Na realidade vivemos numa sociedade ativa de produção que se obriga a fazer frente ao consumismo desenfreado, o que se reflete na síndrome de desgaste profissional que domina todos os contextos laborais. A própria Organização Mundial de Saúde já referiu o stress como a epidemia do século XXI.
Segundo a Comissão Europeia (2002), o stress laboral afeta mais de 40 milhões de trabalhadores em toda a União Europeia, que se traduz numa perda económica de 20 mil milhões de euros. Os resultados do inquérito europeu sobre riscos novos e emergentes (ESENER, 2019), que contou com mais de 45000 organizações de 33 países, identificaram a pressão de tempo (44% dos inquiridos) e a exposição a horário de trabalho longo ou irregular (22% dos inquiridos) como principais fatores de risco psicológico para os trabalhadores. Também no Quinto Inquérito Europeu sobre as Condições de Trabalho (Eurofound, 2012), 62% dos trabalhadores referiram trabalhar com prazos apertados. E vários são os estudos (e.g., Burke, 2009; Cox, 1993; Jaskiewicz & Tulenko, 2012) que nos apresentam uma relação negativa entre a sobrecarga de trabalho ou as longas horas de trabalho e a produtividade
Mas qual é o impacto disto em nós? Passámos a viver em função do trabalho, com falta de tempo para as coisas prazerosas da vida, com falta de tempo para os nossos filhos, e para a nossa família. Estamos robotizados para trabalhar. A verdade é que não somos robots, somos pessoas. E como tal, precisamos duma vida consciente, com significado, e feliz.

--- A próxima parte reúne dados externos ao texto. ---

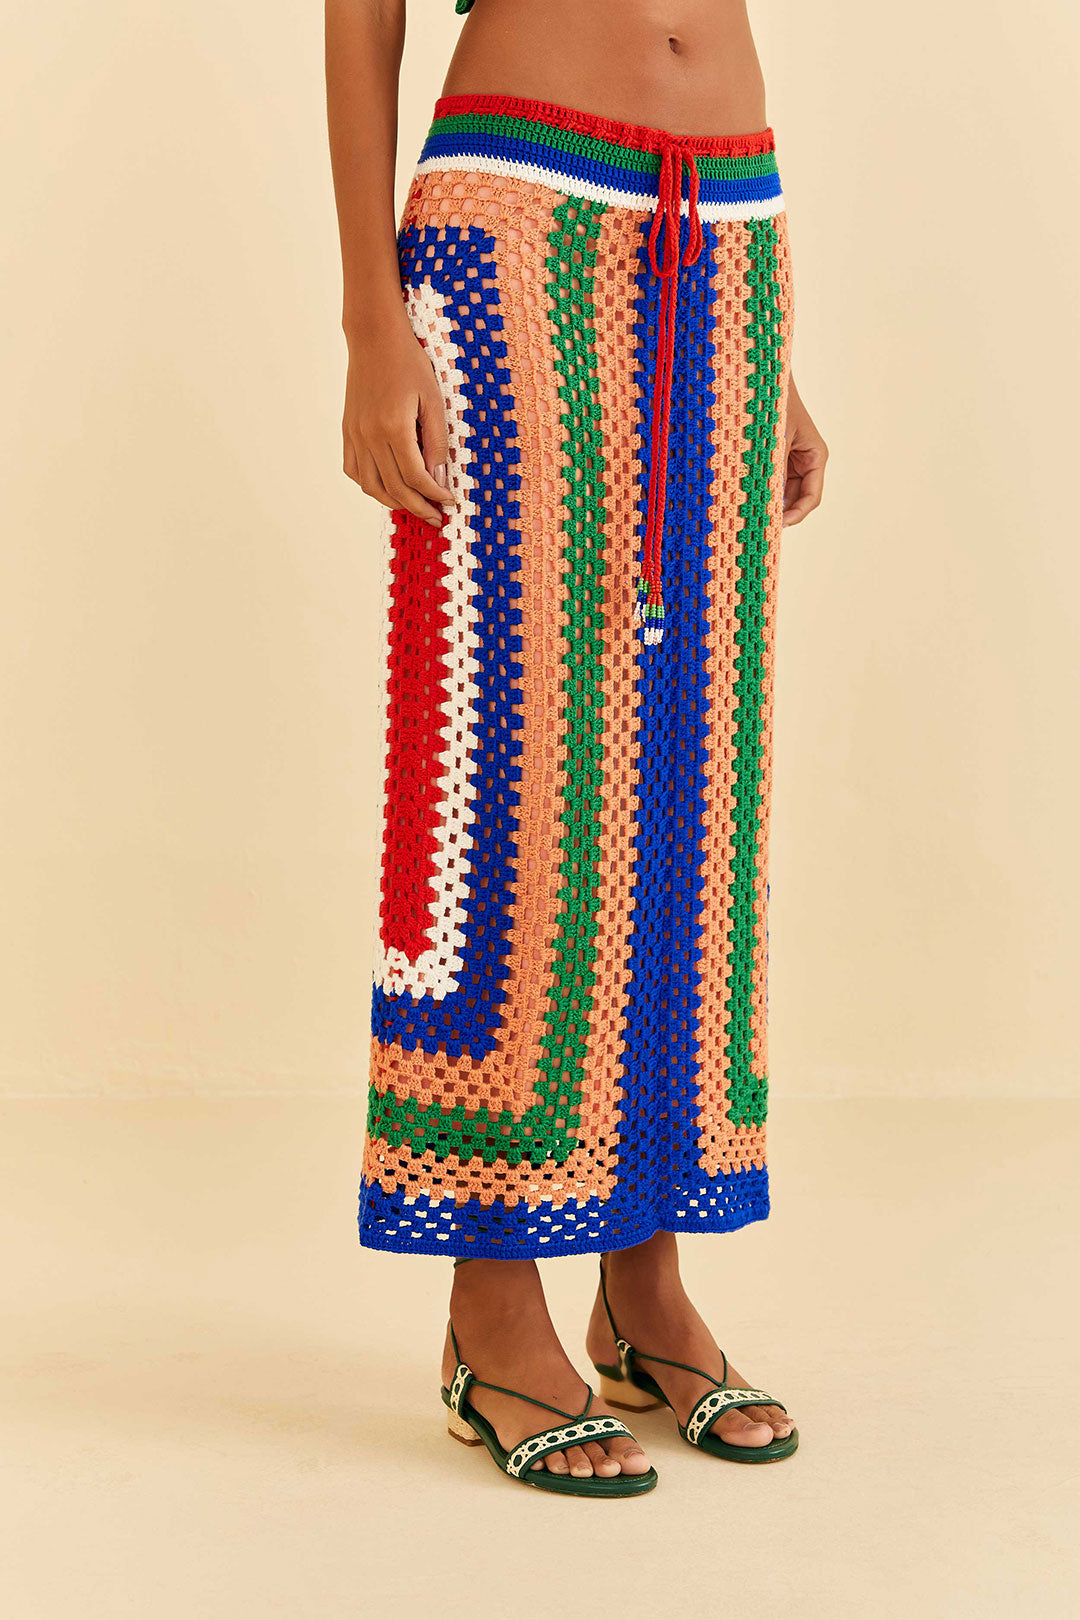 Pitta Crochet Skirt
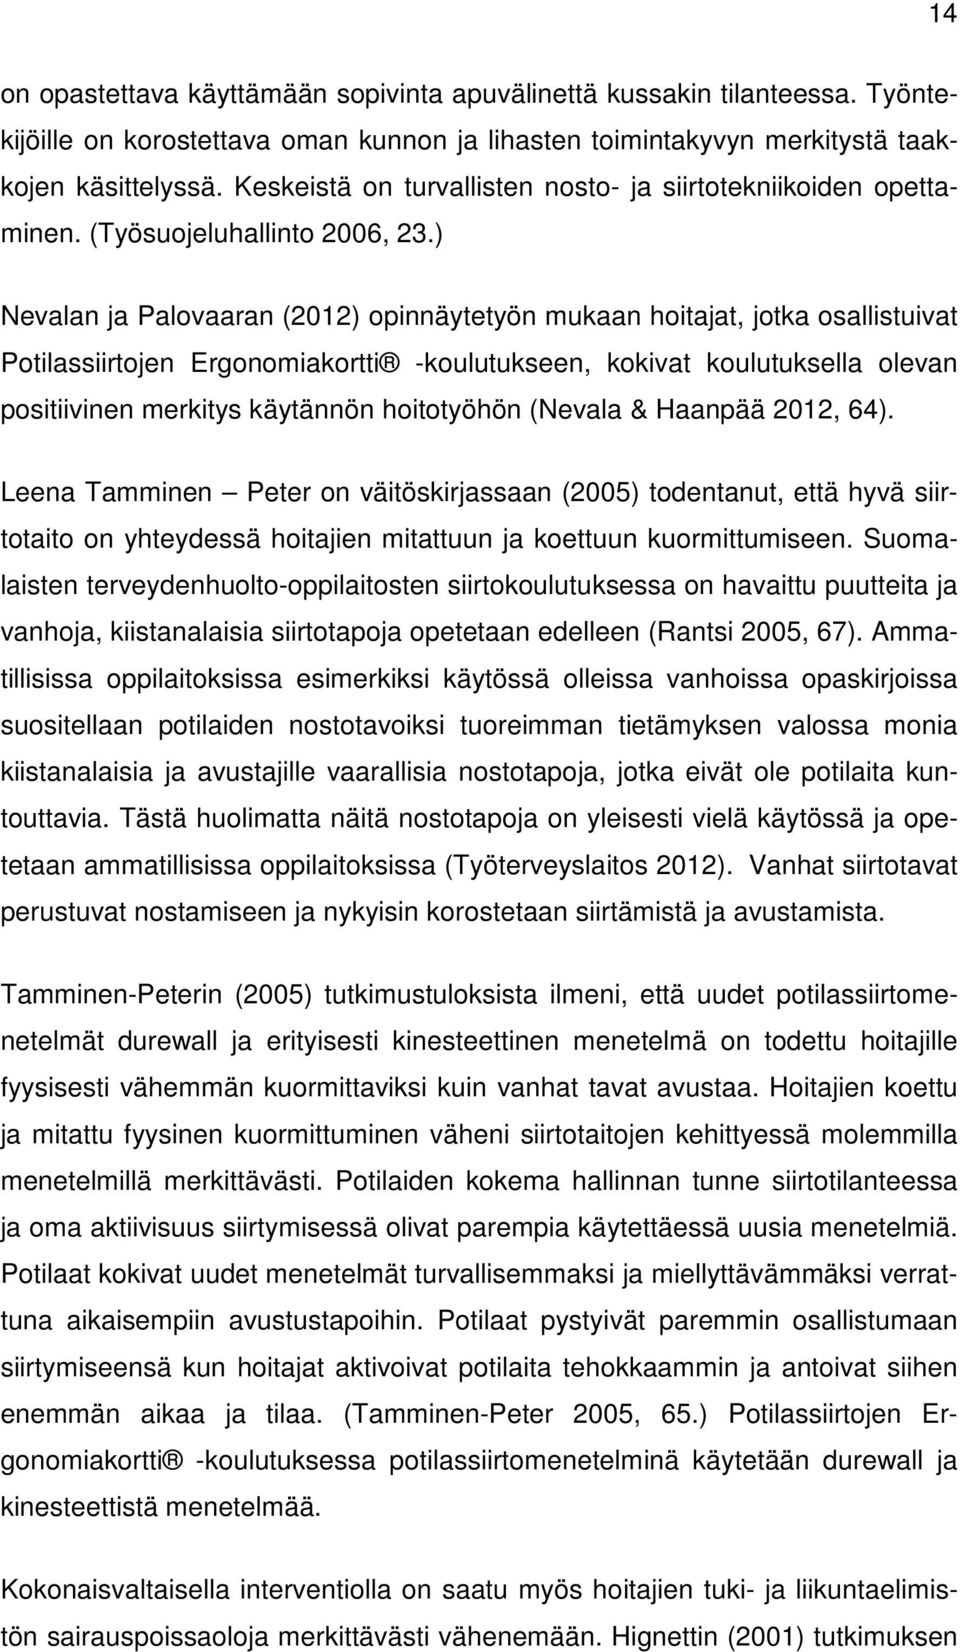 ) Nevalan ja Palovaaran (2012) opinnäytetyön mukaan hoitajat, jotka osallistuivat Potilassiirtojen Ergonomiakortti -koulutukseen, kokivat koulutuksella olevan positiivinen merkitys käytännön

O excesso de velocidade, a intensidade, e a perceção de falta de sentido da vida, fez globalizar o Slow movement, que emergiu na década de 1980, através de pequenos grandes submovimentos como a Slow Food, a Slow Fashion, as Slow Cities, ou as Slow Careers.
Segundo Carlo Petrini (cit. In Honoré, 2005, p.16), o fundador do Slow food, “Ser Slow significa ter o controle do ritmo da sua própria vida. É a pessoa que decide o quão rápido tem que ir em qualquer contexto. Se num dia quer ir rápido, vai rápido; se amanhã quer ir devagar, vai devagar. É uma luta pelo direito de determinar os próprios ritmos”. Importa sublinhar que Slow não significa necessariamente “lento”, embora esteja implícito o desejo de fuga do mundo social acelerado que a globalização tem instituído. É uma filosofia de vida que respeita o nosso equilíbrio e que assenta em princípios como a calma, o cuidado, a recetividade, a intuição, o ritmo certo, a paciência, a consciência, a reflexividade e a qualidade, ao invés da quantidade.
Mas, se já faz sentido para tantas pessoas adotar um estilo Slow Food, em prol de maior prazer e melhor saúde, então porque ainda não estamos conscientes para a necessidade de adotar um estilo de Slow Work?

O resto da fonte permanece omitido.